Several teams of climate scientists have proposed blueprints for the kind of massive transformation of the global energy system that would need to happen to stabilize carbon dioxide levels. The best known of the bunch comes from Stephen Pacala and Robert Socolow, two researchers at Princeton University who built their plan around existing energy technologies. "I was so infuriated by the Secretary of Energy's (Spencer Abraham's) speeches that we needed a discovery as revolutionary as the (invention of electric motors) by (Michael) Faraday in order to get started," Pacala says. "I thought, 'That's just preposterous.' We had every tool we needed right now to put ourselves on the track we needed to get on."

In the original formulation of their plan, published in Science in 2004, Pacala and Socolow proposed assembling a package of greenhouse gas reduction measures, or "stabilization wedges." Each wedge can ultimately replace 1 billion tons — or one gigaton — of carbon emissions per year. The two researchers proposed 15 possible wedges and suggested that seven would be needed to achieve a roughly 450-ppm target.

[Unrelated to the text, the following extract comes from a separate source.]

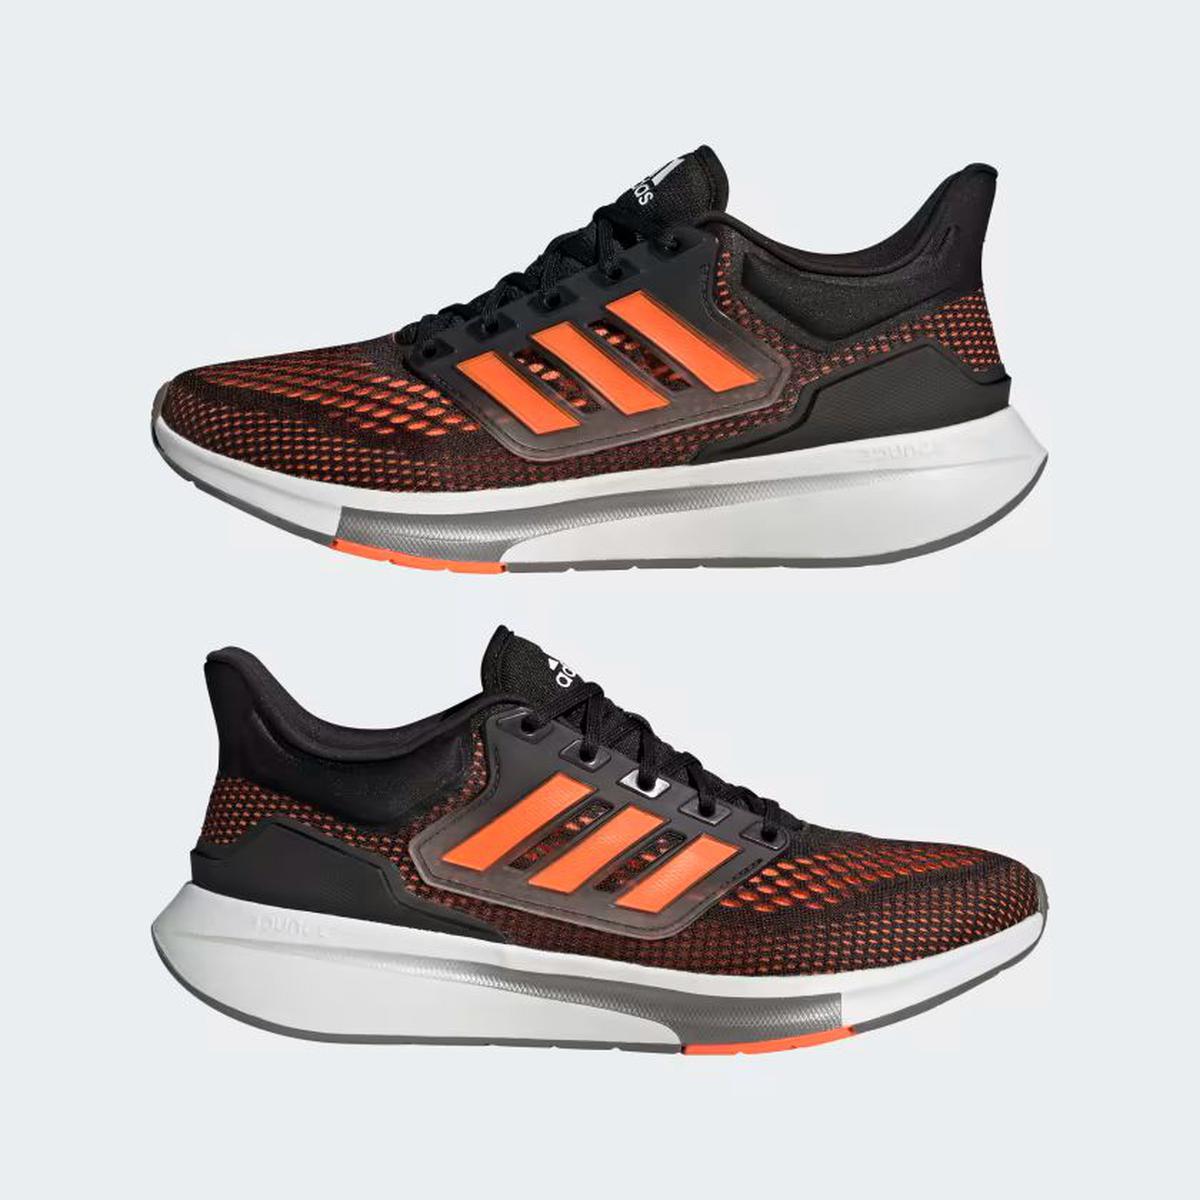 Tenis Adidas para correr | En una oferta imperdible
Foto: @ShowmundialShow

If, for example, the fuel economy of 2 billion cars rose from 30 miles per gallon to 60 over the next half century, that would generate one wedge of emissions reductions. Conservation measures, such as improving the energy efficiency of appliances and buildings, could yield a wedge. Another wedge could be generated by sequestering the carbon dioxide from 800 large coal-fired power plants. Increasing ethanol production by 50 percent would yield a wedge, as would adding 2 million one-megawatt wind turbines. Doubling the size of the world’s existing fleet of nuclear fission reactors would create yet one more wedge — but a politically problematic one, given public concern about nuclear safety and waste disposal.